WHAT TO WORK ON – Span requested from the data below: the line with "Black Foam Board - 5mm Thick closeup" through the line with "Đoàn công tác", both included. Give only these lines again, exactly, and leave every picture out.

STORED DATA –
[Start of Attachment]
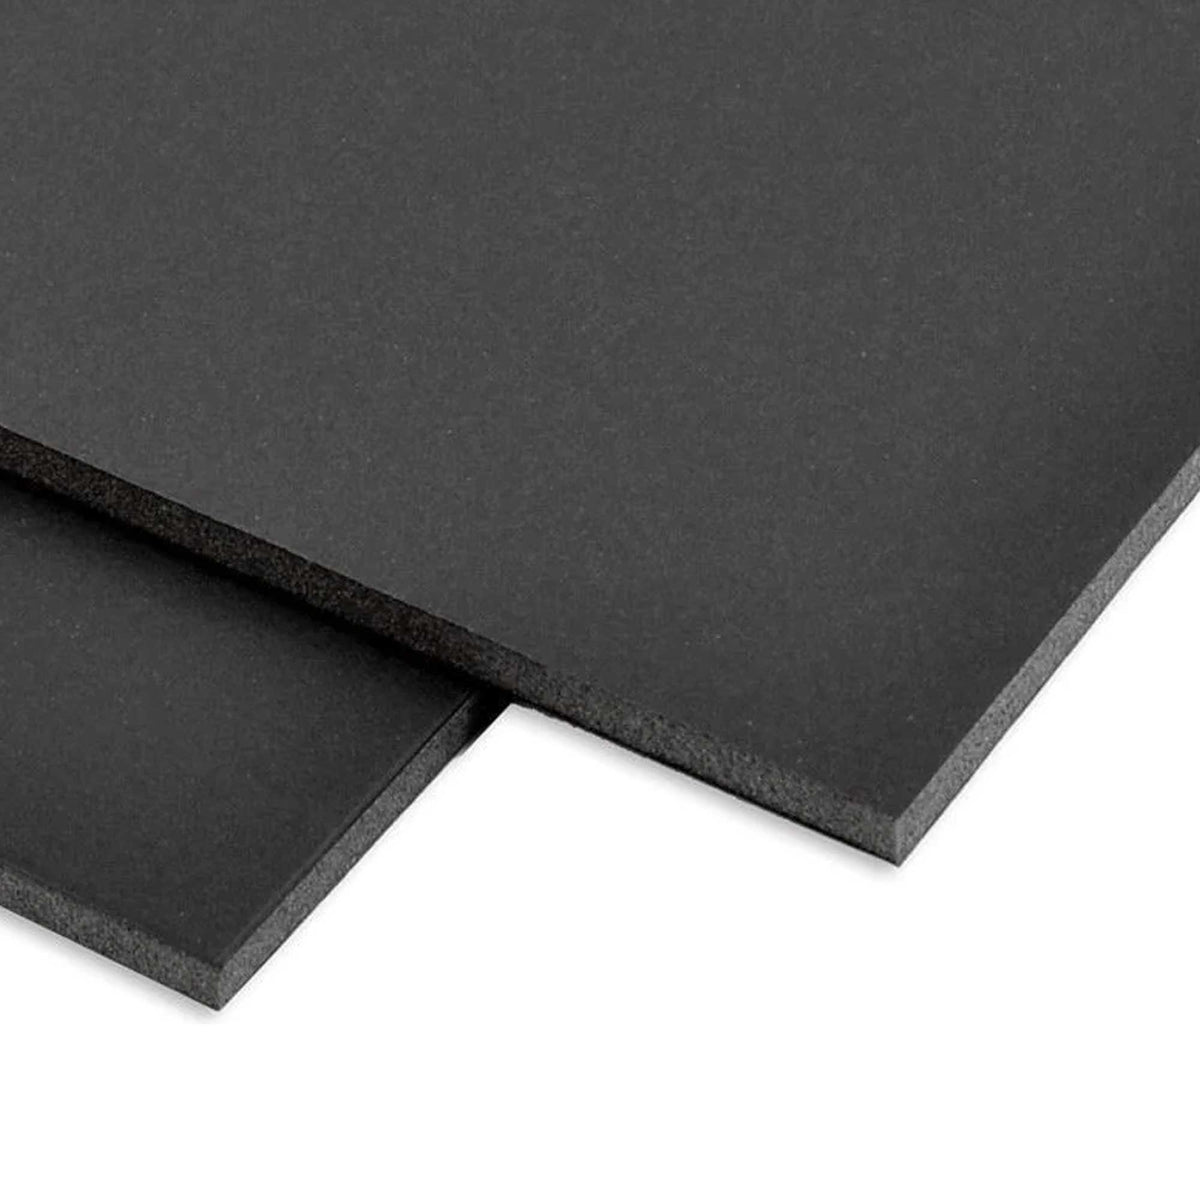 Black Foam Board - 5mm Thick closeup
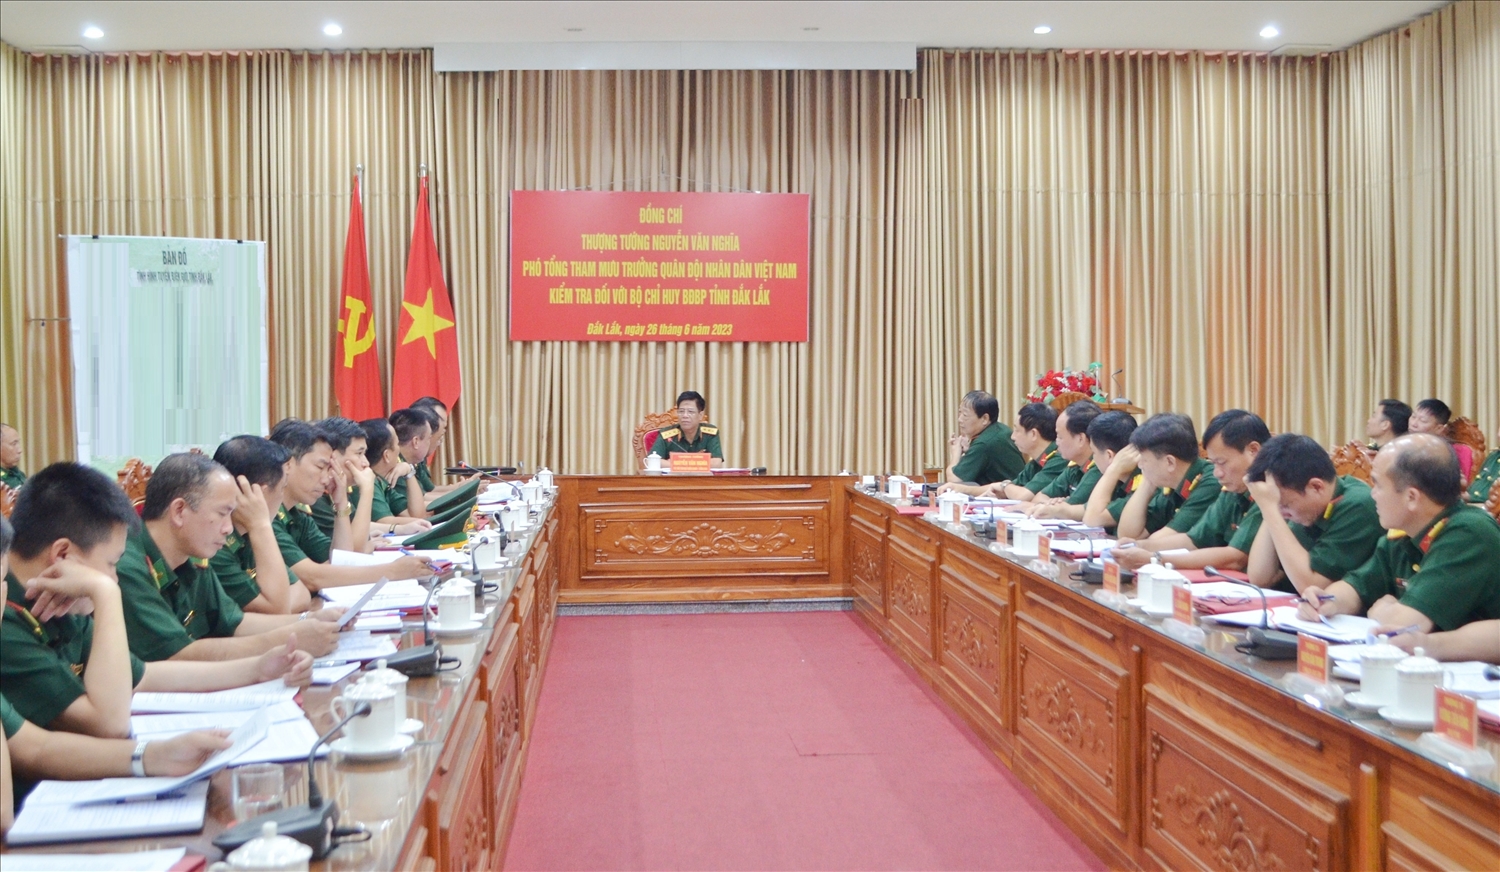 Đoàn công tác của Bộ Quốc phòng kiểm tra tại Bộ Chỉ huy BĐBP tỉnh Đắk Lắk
[End of Attachment]
[Start of Attachment]
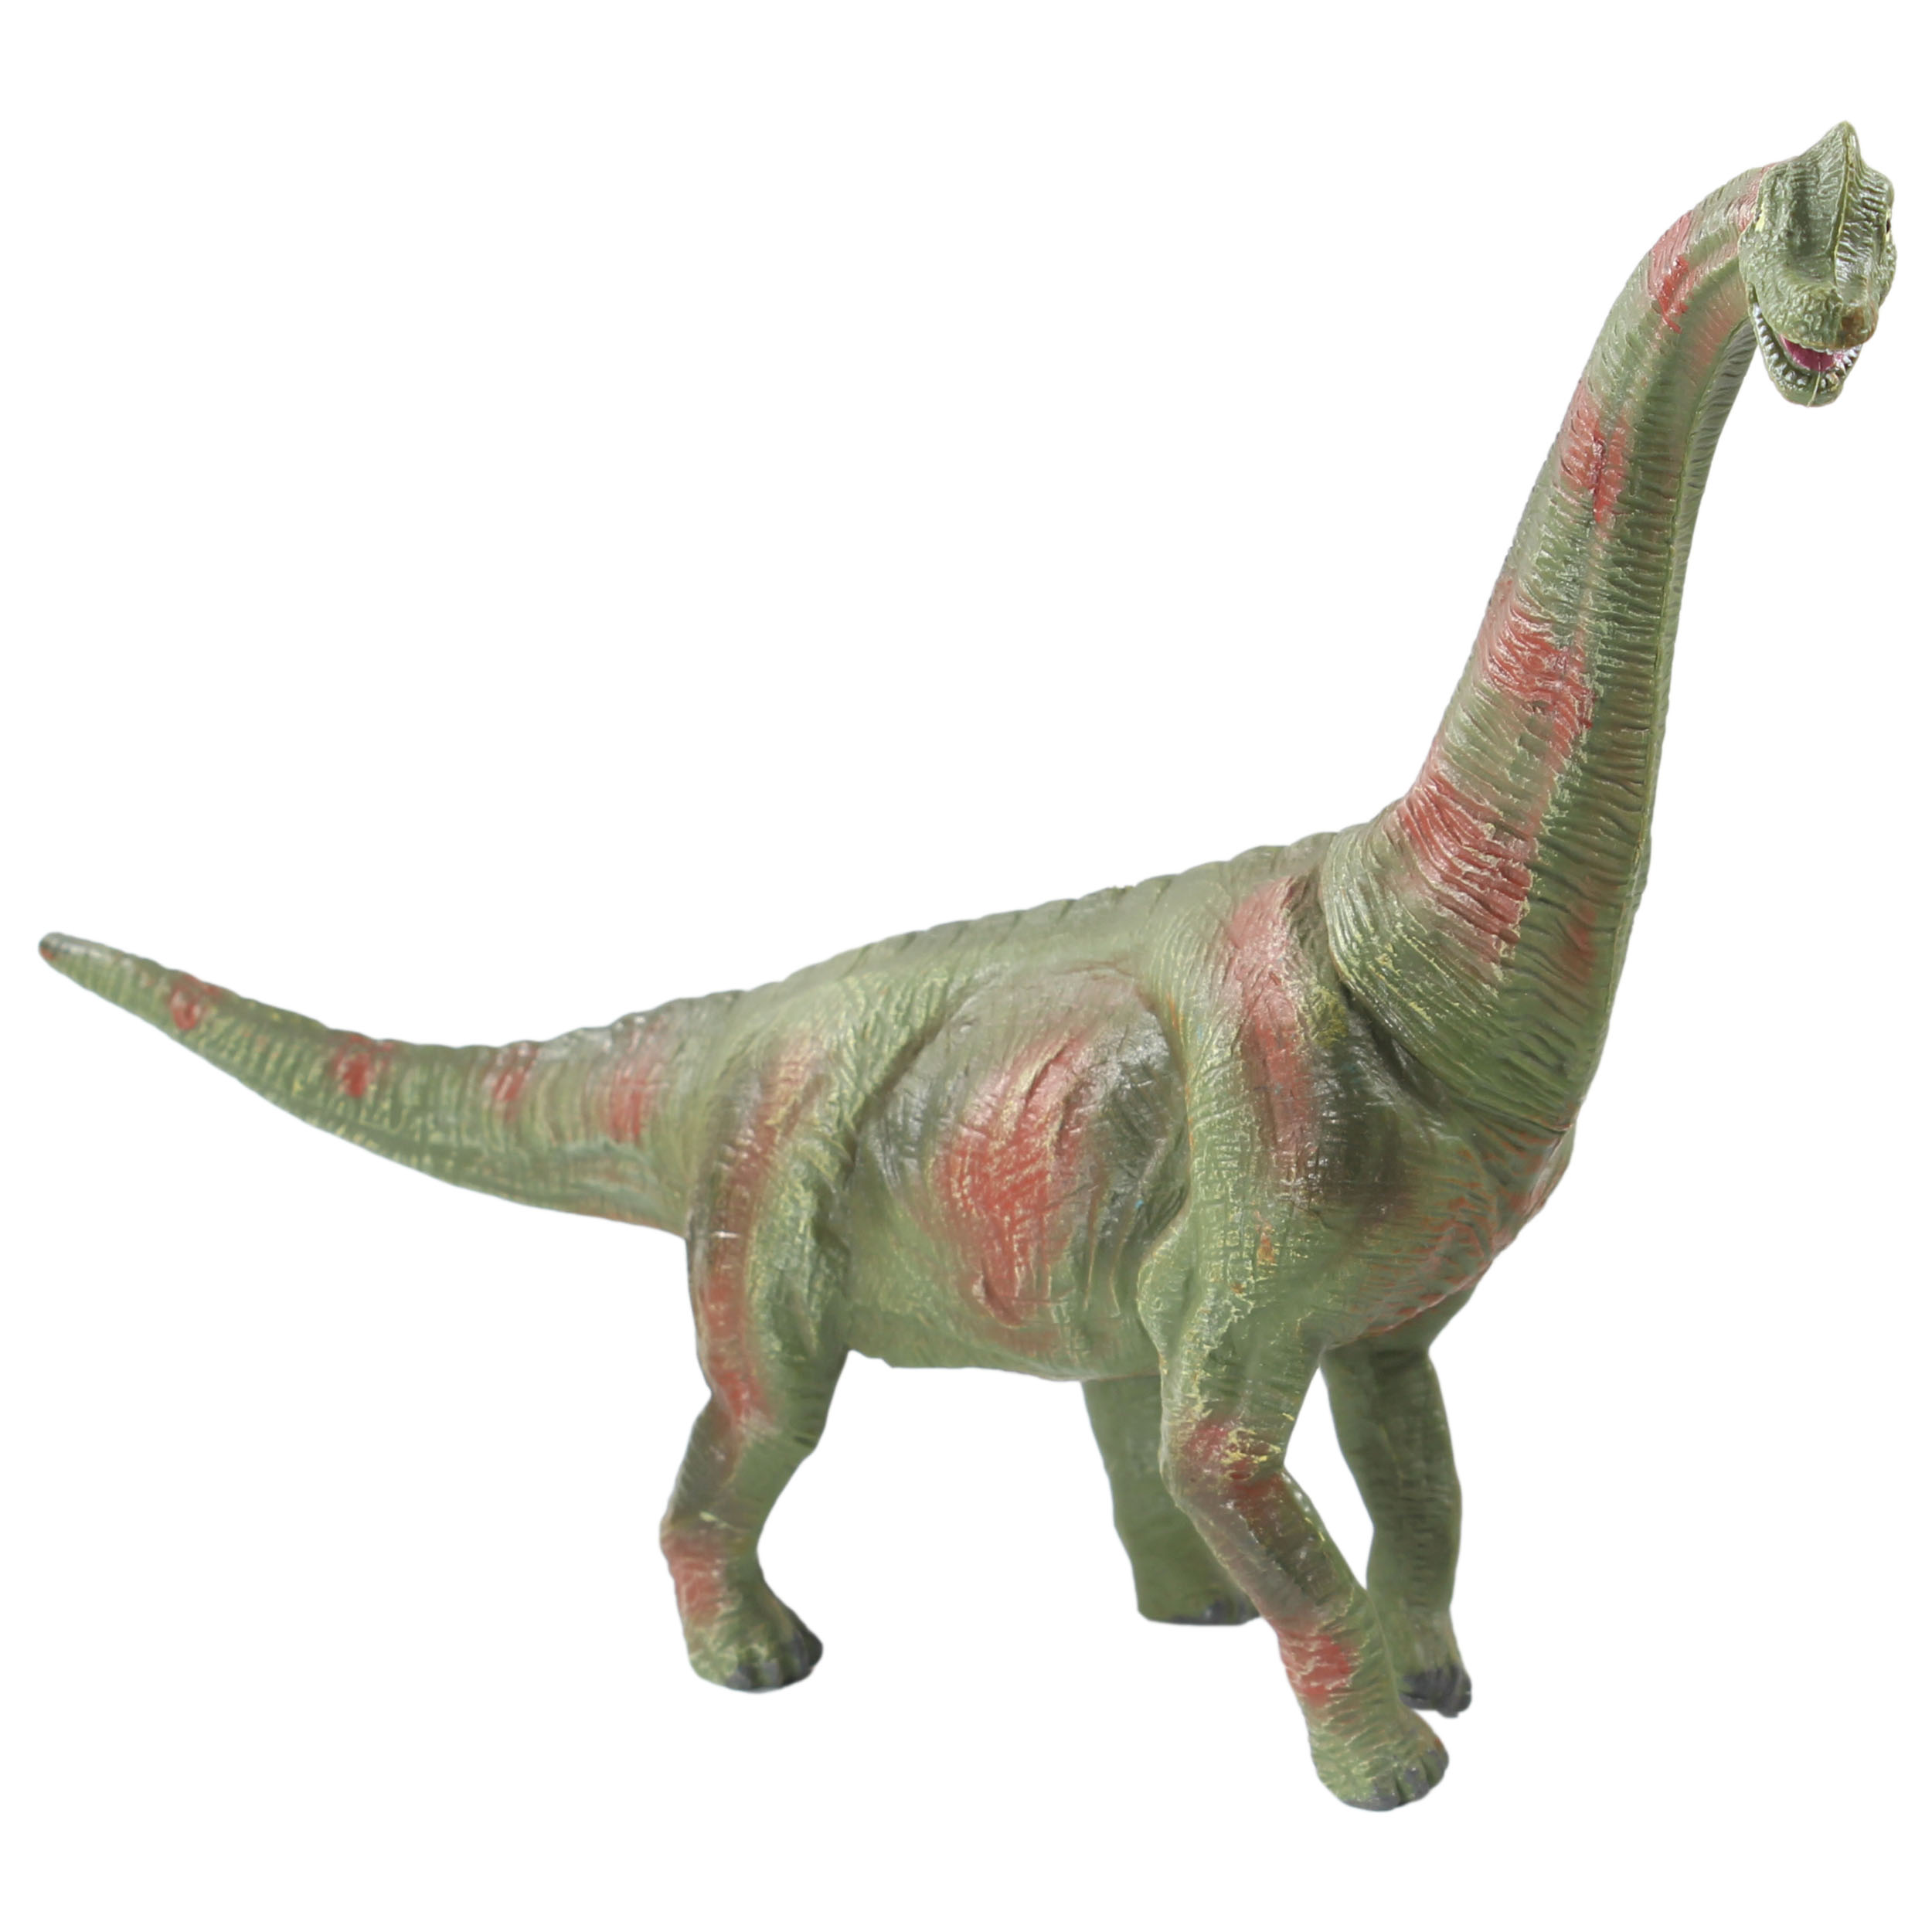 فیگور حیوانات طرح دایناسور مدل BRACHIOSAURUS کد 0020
[End of Attachment]
SOLUTION FOR THIS PROBLEM –
 Black Foam Board - 5mm Thick closeup
 Đoàn công tác của Bộ Quốc phòng kiểm tra tại Bộ Chỉ huy BĐBP tỉnh Đắk Lắk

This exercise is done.